§ 8. Два сердца Эллады
§ 8. Два сердца Эллады
В какой-то мере чувство первенства и превосходства присуще, наверное, любым народам, вопрос лишь в том, в какой мере они страдают этим. Но в редком народе это чувство доходило до неколебимой никакими опровержениями веры в своё право властвовать над другими. Здесь, правда, можно возразить тем, что сознание права повелевать человеком (не только в силу фактически сложившихся обстоятельств, которые делают эллина господином его невольников, но так сказать «вообще», уже по самой природе вещей) – это прямое порождение рабовладения, оно в принципе не может возникнуть там, где нет фактического угнетения и эксплуатации. Рабовладение же – явление, распространённое повсюду, оно известно, практически всем народам; редкие из них сумели миновать развитую его стадию. Но и здесь Греция – «впереди планеты всей», ибо далеко не каждый из них сумел воспитать в себе присущее ей (и, как кажется, только ей) сознание неотъемлемого права эллина на господство.
Это может показаться парадоксальным, но в наиболее выраженной и совершенной форме ощущение права требовать повиновения и покорности от других появляется не где-нибудь, а именно в демократическом государстве. И уже одно только это обстоятельство наводит на мысль о наличии какой-то жёсткой связи между участием демоса в государственной власти и становлением у него неколебимой веры в то, что именно ему надлежит повелевать; готовностью принять на себя ответственность за судьбы своего города и ощущением глубокой пропасти, отделившей всех чужеземных невольников от его свободного гражданина.

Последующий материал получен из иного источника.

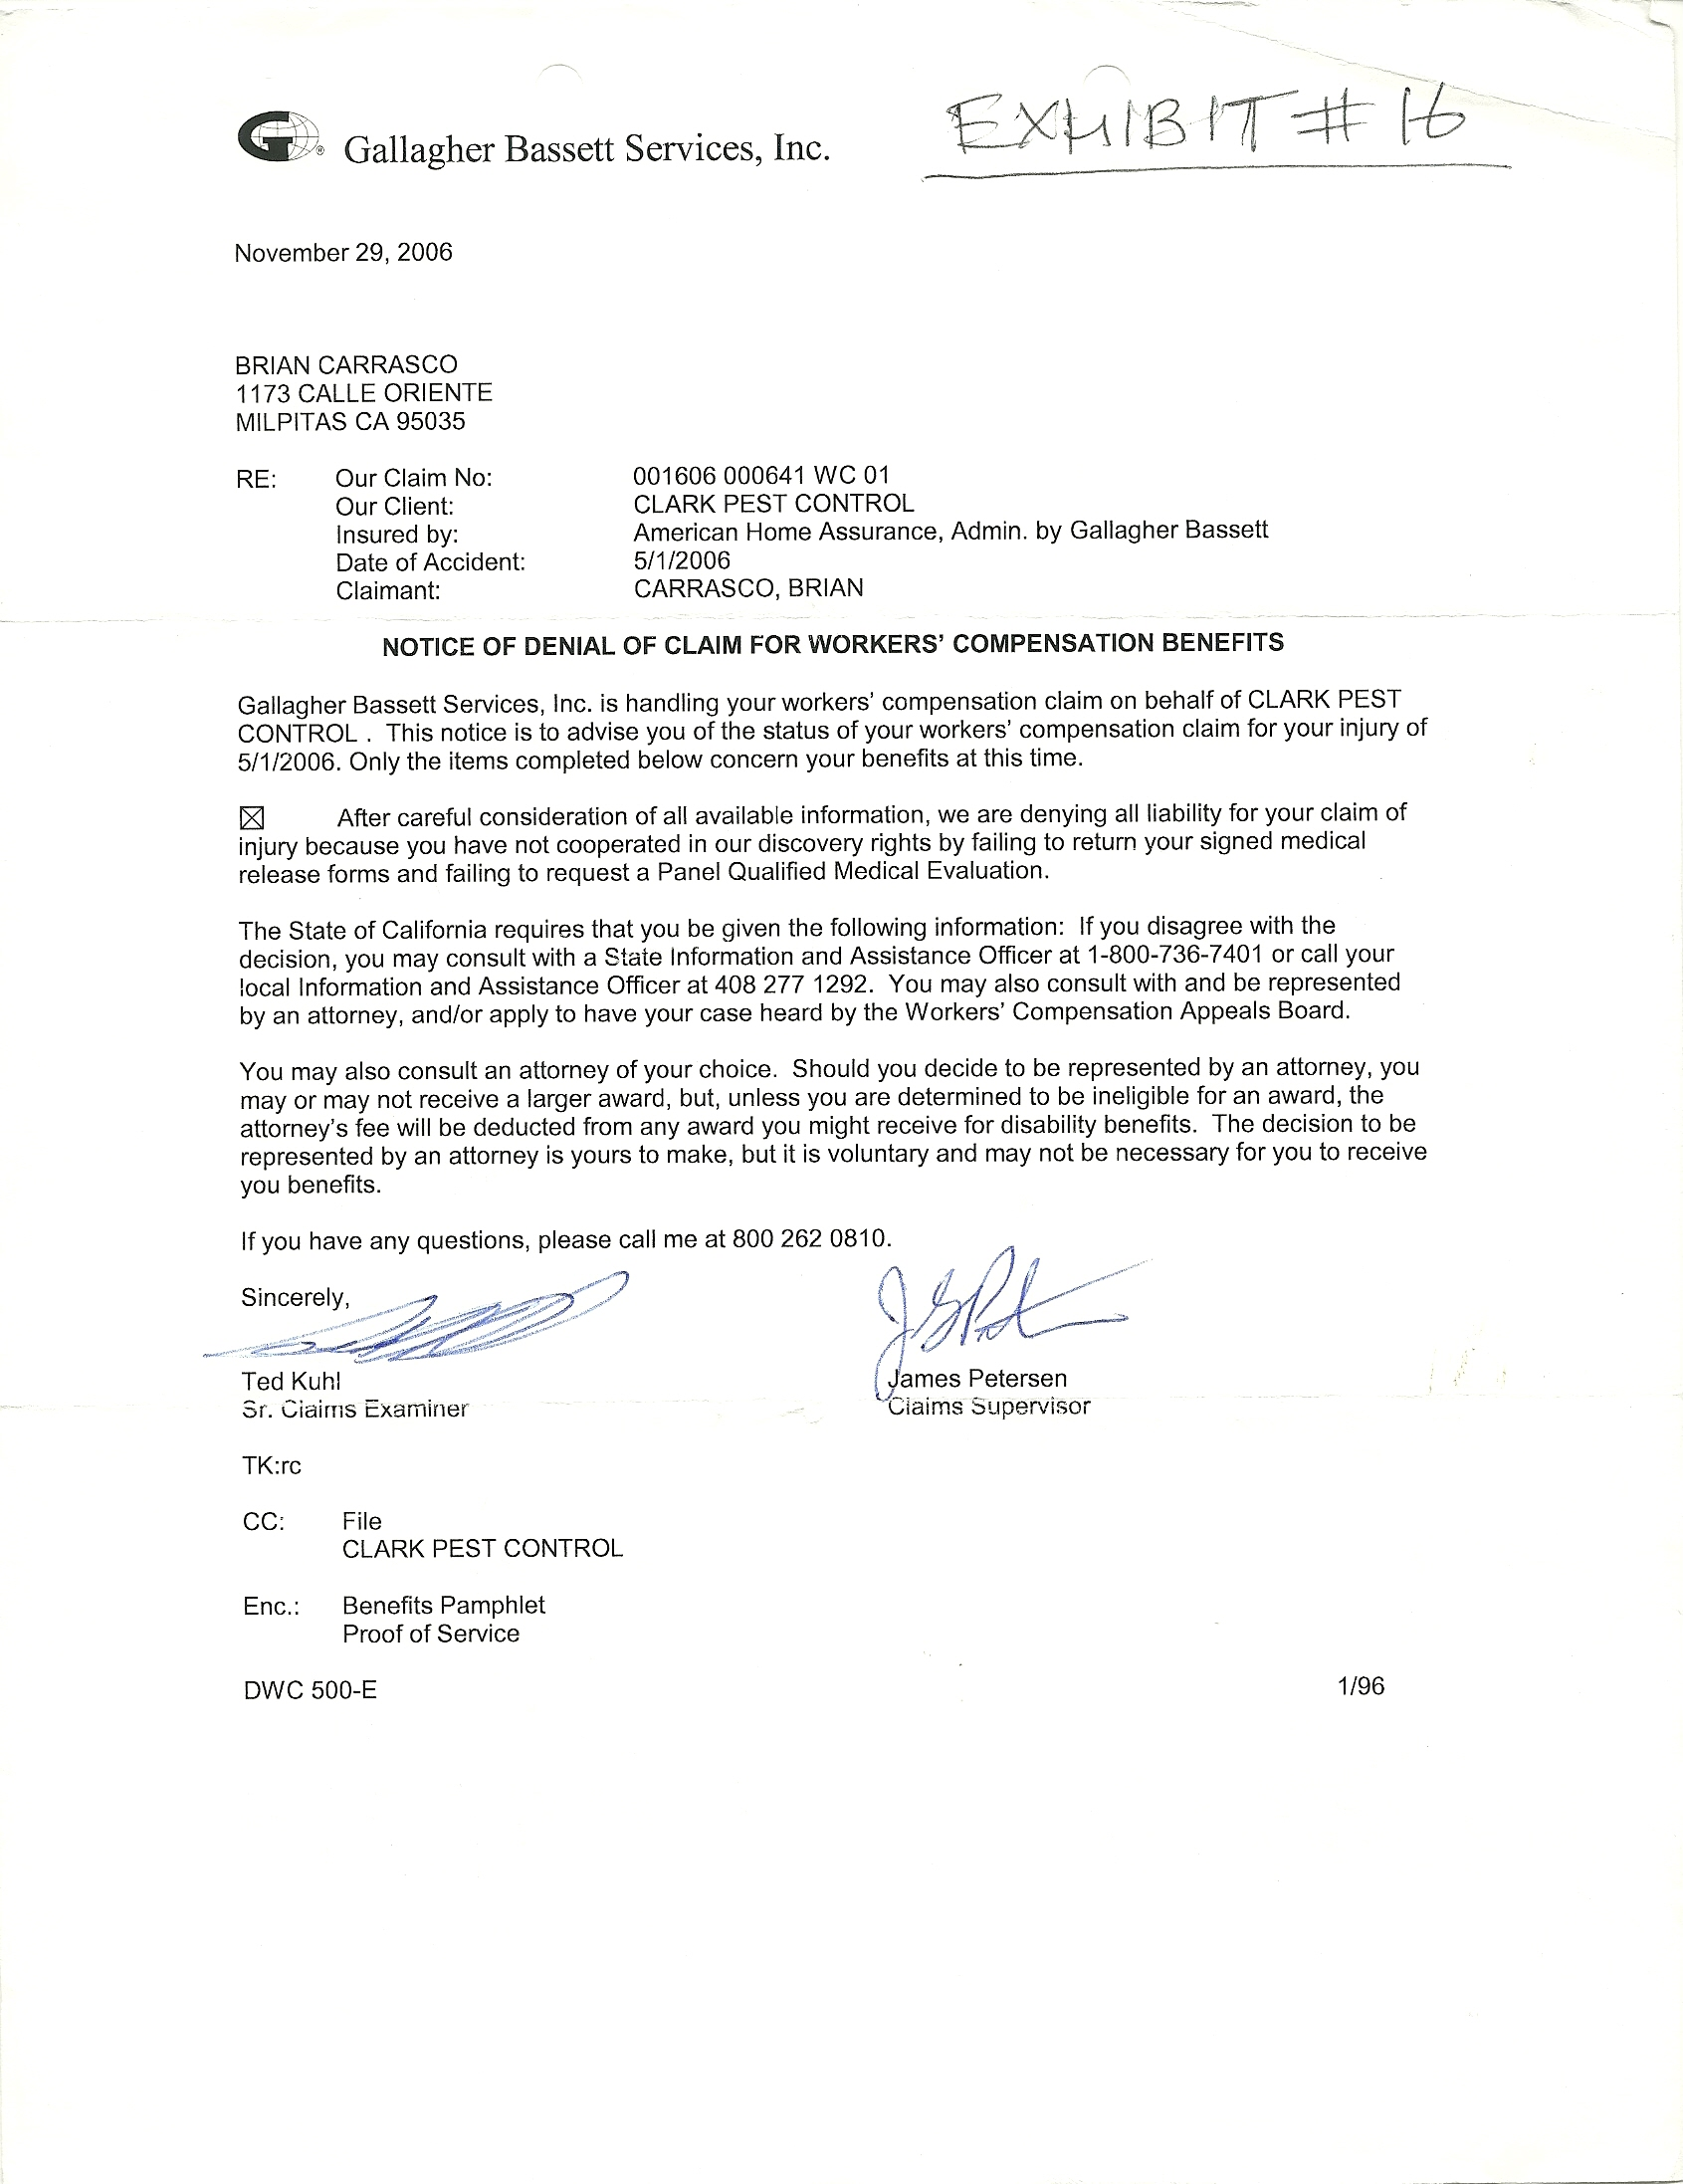 Denial Claim Letter Sample from brc998.files.wordpress.com
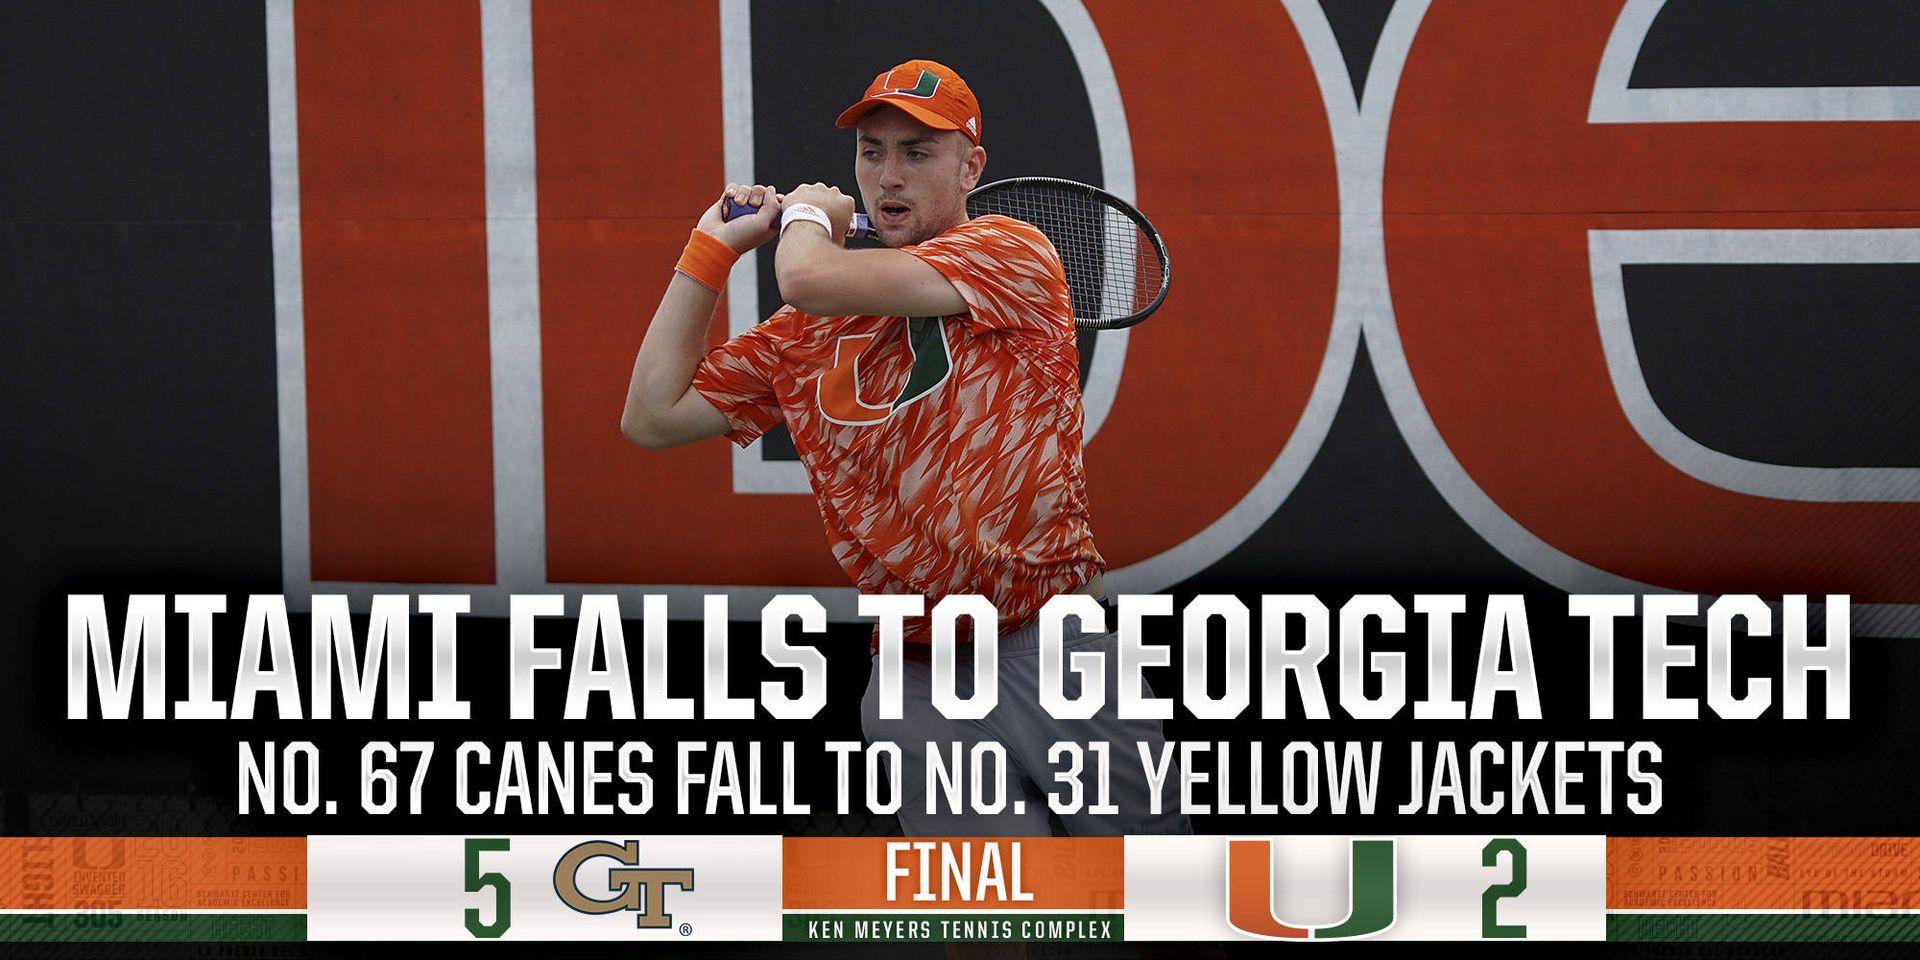 No. 67 Miami falls to No. 31 Georgia Tech

Словом, между народовластием и формированием (нет, не у отдельных лиц – у целого народа!) до того неведомой миру особой психологии господина.
Впрочем, связь действительно наличествует, ибо эта психология возникает прежде всего там, где концентрация иноплеменных невольников переходит какие-то количественные пределы; ведь именно их преодоление диктует объективную необходимость радикального переустройства форм государственного правления. Там же, где рабы – сравнительная редкость, человеку свойственны совсем иные взгляды на мир, не последнее место среди которых занимает представление о переменчивости судьбы. Геродот, передавая древние легенды, едва ли грешит против истины в отображении миросозерцания Востока, когда пишет о тех сомнениях, что одолели персидского царя в час казни побеждённого им Креза: «Царь подумал, что и сам он всё-таки только человек, а хочет другого человека, который до сих пор не менее его был обласкан счастьем, живым предать огню. К тому же, опасаясь возмездия и рассудив, что все в человеческой жизни непостоянно, Кир повелел как можно скорее потушить огонь и свести с костра Креза и тех, кто был с ним».[120]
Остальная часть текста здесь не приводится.